Has anyone in our time set before architect or musician, so uncompromisingly, the task the liturgy forces upon them? As Underhill put it in another place, “movement and words combine to produce an art form which is the vehicle of [the Church’s] self-offering to God and communion with God.” The liturgy, she knew, is “an action and an experience that transcend the logical levels of the mind and demand an artistic rather than an intellectual form of expression.” (2) The honours of the church on earth significantly describe in her text what they describe, audibly and visually, in the mass. Bach is there as well as the cherubim, on the frontier of the invisible.

She knew well the risks of the medium; she knew the dangers of depending on an imperfect art to make a perfect art-form. But she knew too that to eschew art, worship must be “thin, abstract, notional: a tendency, an attitude, a general aspiration, moving alongside human life, rather than in it.” Worship thus embodied by the arts, she declared, “loses-or seems to lose-something of its purity; but only then can it take up and use man’s various powers and capacities ... thus entering the texture of his natural as well as supernatural life. Certainly, it is here that we encounter the greatest danger, that form will smother spirit.... But the risk is one which man is bound to take. He is not ‘pure’ spirit, and is not capable of ‘pure’ spiritual acts .... (3)

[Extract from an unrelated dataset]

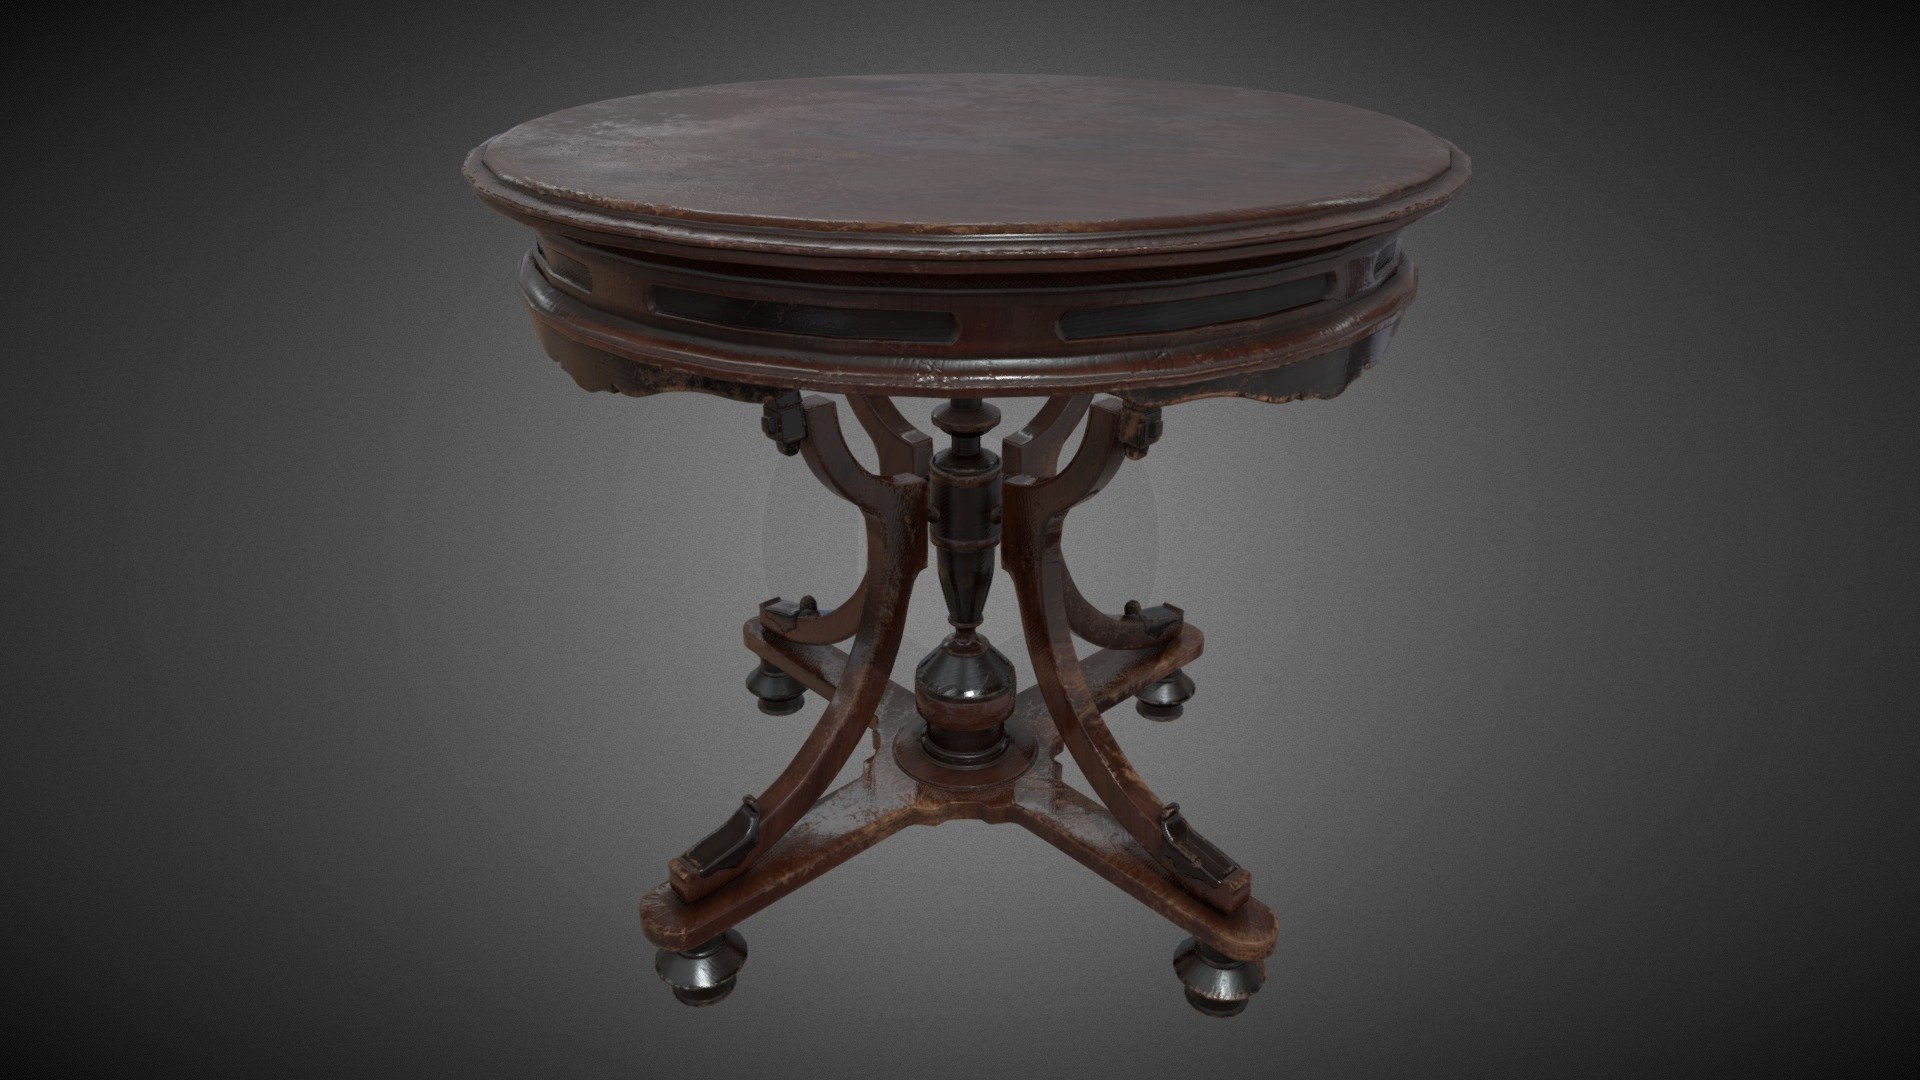 This is an old vintage round table asset made for old environments and houses with wooden decoration and furniture, you can buy it in the link below: - Vintage round table - 3D model by IPfuentes 3d model

. . . most Anglicans continue to trivialize ceremonial and even to overlook its significance. They typically bury themselves throughout the liturgy in hymnal, prayer book, or service leaflet - on the dubious premise that to read what is being said is to understand it better. This, in turn, has had disastrous effects on church lighting, which frequently overthrows every attempt of the architect to create an evocative liturgical environment . . . Modern art has also sometimes strained the principles of liturgical art severely. That these principles can survive in modern work of great originality is clear. For example, consider Jean Langlais’ Messe Solennelle. Relentlessly liturgical, suggestive often of plainchant, its solemn, quiet and sometimes even lyrical texture is nonetheless so taut that when the tension erupts into Langlais’ massive, fiercely impassioned dissonances, the effect is a stunning and almost numbing grandeur of sound that evokes the mysterium tremendum with an uncanny distinction.

Is the High Mass, as Cram and others have thought, humanity’s “greatest artistic achievement”? Infrequently. Most church people have the erroneous impression that the very simple Low Mass is the most primitive form of Christian worship and that the solemn liturgy is a medieval elaboration. Actually, Low Mass is the medieval innovation . . .

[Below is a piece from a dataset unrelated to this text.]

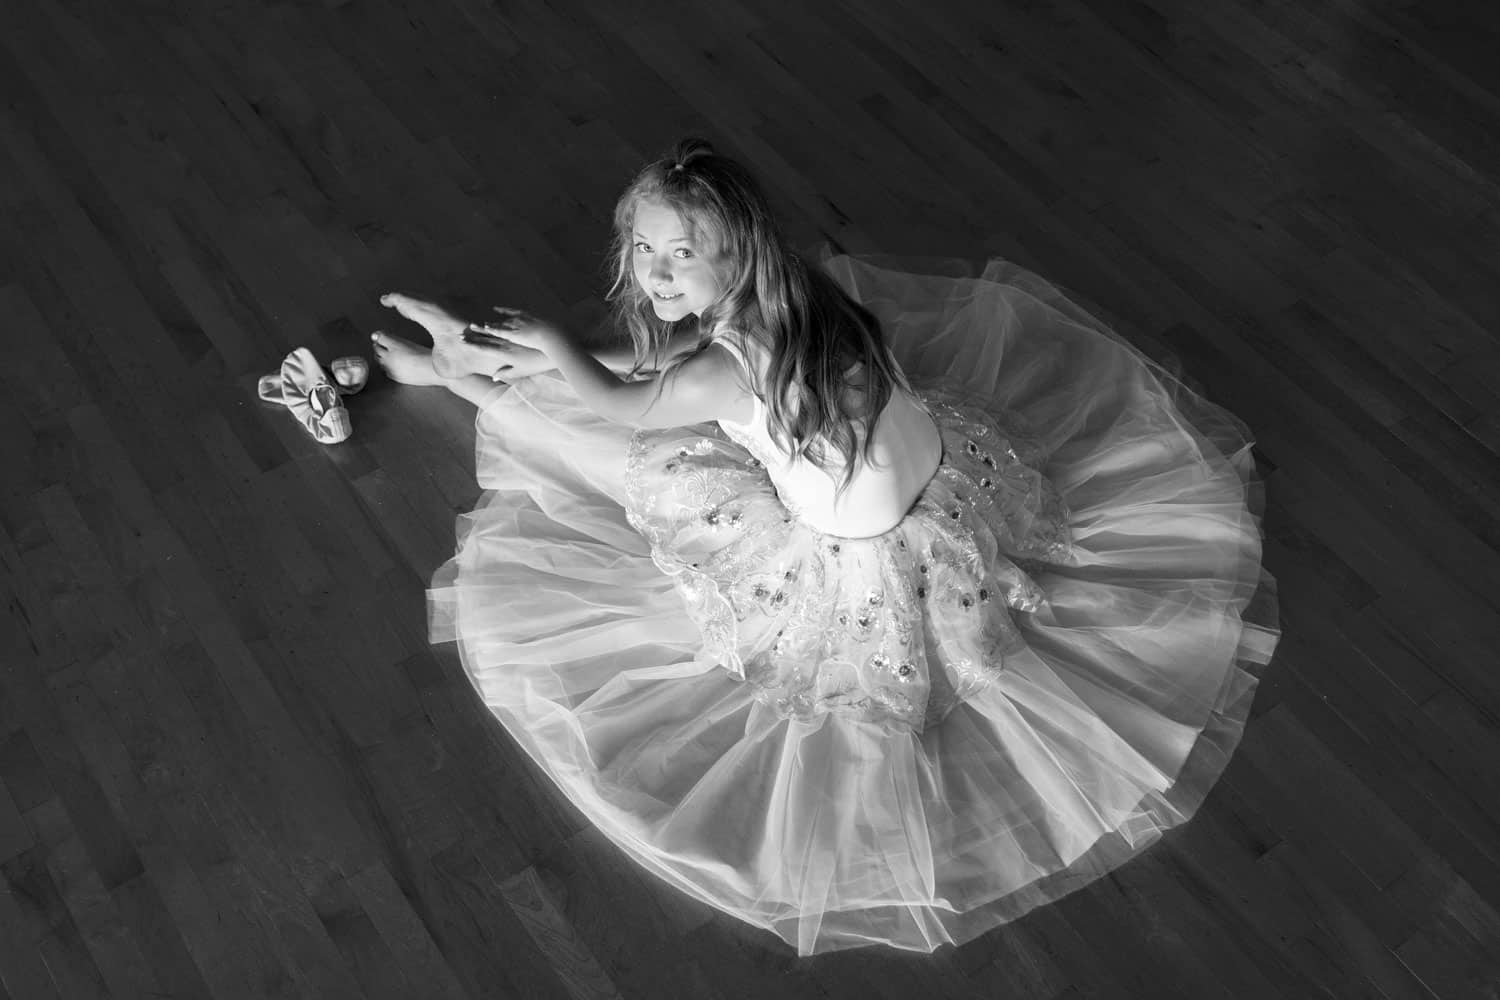 Black and white picture of a ballerina in a white tutu posing on a dance floor.

Anglicans as well as Roman Catholics cannot be blamed for forgetting that the ancient High Mass, resplendent with lights, music, incense and full ceremonial, has always remained the theoretical norm of the western church as it is still the actual norm of Eastern Christendom. (4) Forgetful of this fact, we forget another: that “art in worship is not a mere imitation of the creative work of God; nor is it only a homage rendered to Christ; by giving embodiment to invisible realities it continues the Incarnation of the Word.” (5) Indeed, the Church has held that it “brings about objectively and in our very midst, the highest form of reality, the Summum Pulchrum, God Himself.’ “(6) Confronted with this astonishing purpose, and the distinguished art it has yielded, the art historian can only declare that in thus reaching “beyond the rampart of the world” for what Underhill called “that ineffable majesty upon which Isaiah looked,” the art of the High Mass is not only august but unparallelled.

* * * * * * * * * *

(1) The material quoted in this and the preceding paragraph is drawn from Evelyn Underhill's The Mystery of Sacrifice: A Meditation on the Liturgy (New York, 1954), unpaged introduction and pp. 18-40. The Mystery of Sacrifice was first published in 1938.

(2) Evelyn Underhill, Worship (New York, 1936), p. 33. See also p. 29.

(3) Ibid., p. 14.

(4) Ibid., p. 245.

(5) Ibid., P. 71.

(6) Hammenstede, "The Liturgy as Art," pp. 41-42.